## Calculating a score - huge amount of variables and IFs

Moderators: statman, Analyst Techy, andris, Fierce, GerineL, Smash

Lor259
Posts: 3
Joined: Tue Jan 14, 2014 3:17 pm

### Calculating a score - huge amount of variables and IFs

Hi,

I have a problem that theoretically speaking is quite easy to solve, but becomes really hard practically: I have to calculate a clinical score based on the discharge diagnosis of patients, which are coded with the International Classification of Diseases (ICD) coding scheme.

The first difficulty arises from the fact that there are up to 170 diagnostic codes per patient, but each patient has a different amount of diagnostic codes.

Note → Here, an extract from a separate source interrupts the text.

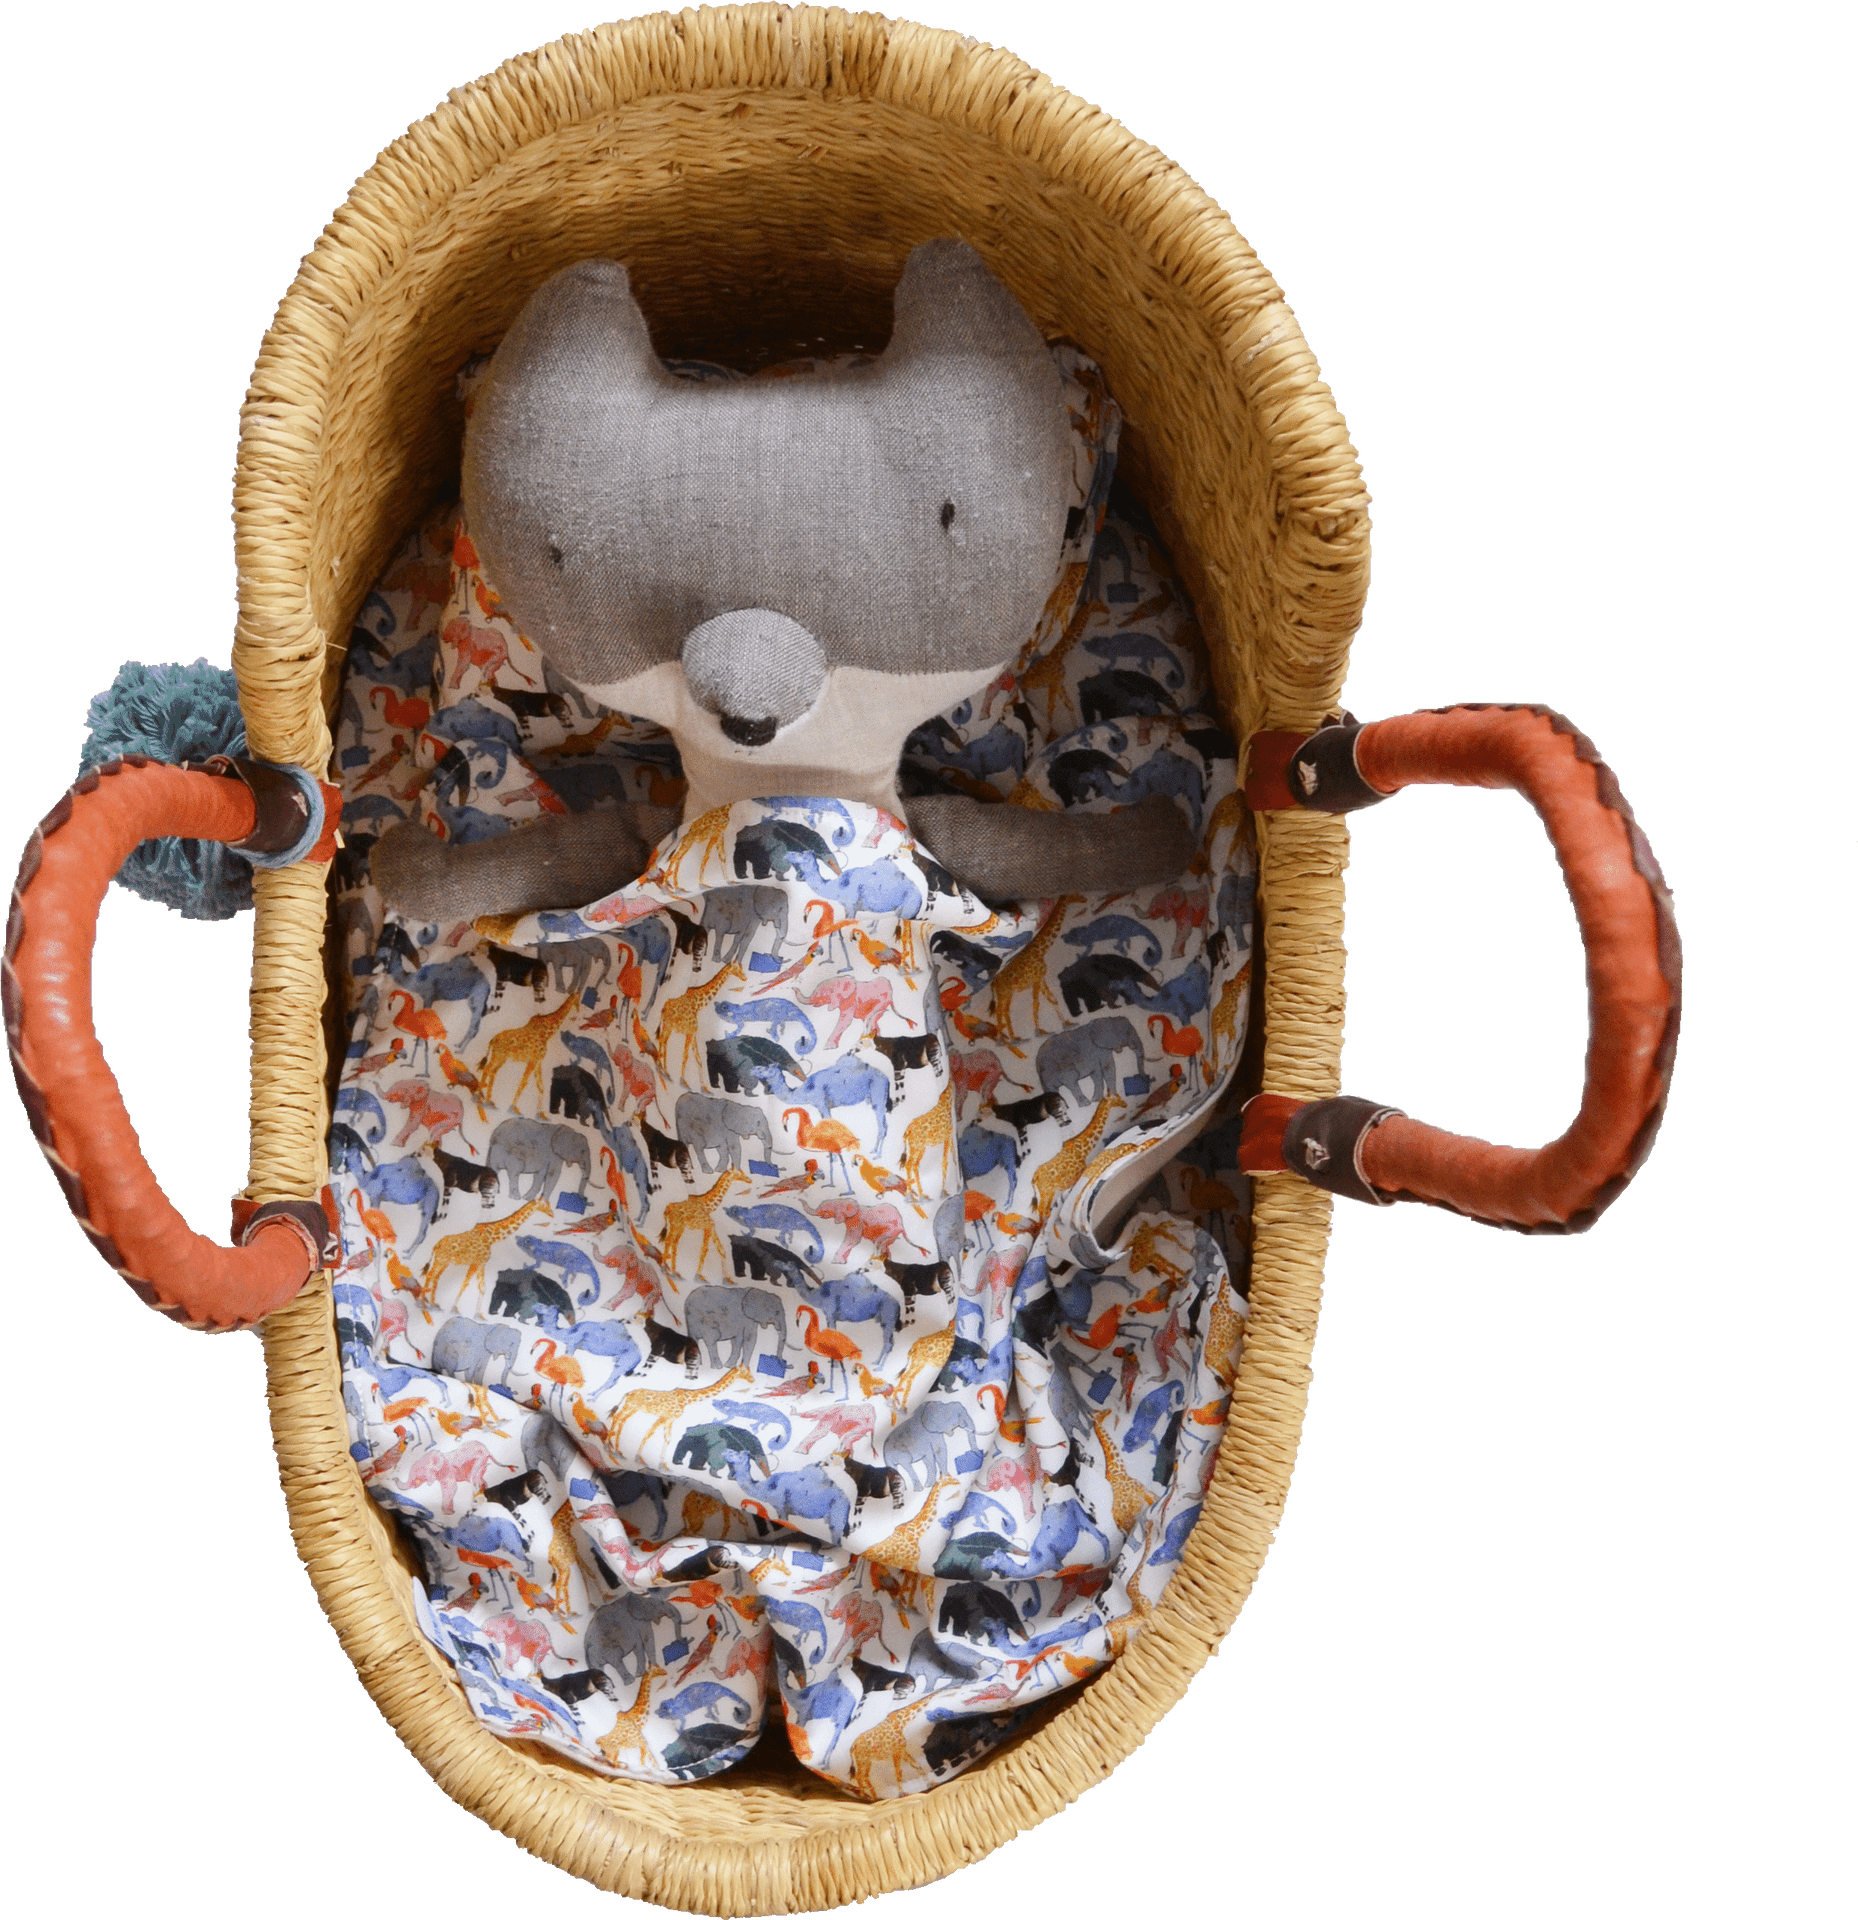 Stuffed Animalin Wicker Basket PNG image

The dataset, in its original form, is structured so that for each diagnostic code for each patient for each admission, there is a record: so that a patient that for a particular admission had, let's say, 15 diagnosis, will have 15 records: each record will have patient's name, medical record number, admission and discharge dates, repeated; and the only variable that will vary for each record will be the diagnostic code. In the original form of the dataset, there are 184K records.

Original dataset

Code: Select all

``````ID	 Name	 Date of birth	 Gender	 Date of admission	Date of discharge	 Diagnostic_code
1	 Doe, John	 01-01-1950	 M	         10-12-2009	        01-01-2010	         443.9
1	 Doe, John	 01-01-1950	 M	         10-12-2009	        01-01-2010      	 V56.8
1	 Doe, John	 01-01-1950	 M	         10-12-2009	        01-01-2010	         221.02
1	 Doe, John	 01-01-1950	 M	         10-12-2009	        01-01-2010	         428
``````
Thinking that it might the analysis, I ran successfully a CASESTOVAR, so that now for each patient's admission there is only one record. After this procedure I have 21K records. The drawback of this is that now each admission has 170 diagnostic code variables (diagnostic_code.1, diagnostic_code.2, and so on).

After CASESTOVAR

Code: Select all

``````ID	 Name	 Date of birth	 Gender	 Date of admission	 Date of discharge	 Diagnostic_code.1	 Diagnostic_code.2	 Diagnostic_code.3	 Diagnostic_code.4
1	 Doe, John	  01-01-1950	 M	         10-12-2009	         01-01-2010	         443.9	                 V56.8	            221.02	                 428
``````
The second difficulty of my problem is due to the fact that the clinical score comprises 30 items, and each one has a variable number of points that add up to the final score. This items, as I said, coded using the ICD scheme. This is were the hard part begins. For example, for a given item, the possible codes are something like:
B18.x, K70.0--K70.3, K70.9, K71.3--K71.5, K71.7, K73.x, K74.x, K76.0, K76.2--K76.4, K76.8, K76.9, Z94.4
Where "x" and "-" are wildcards that indicate "any value after the '.' sign" and a range, respectively. I imagine that coding this is not gonna be easy.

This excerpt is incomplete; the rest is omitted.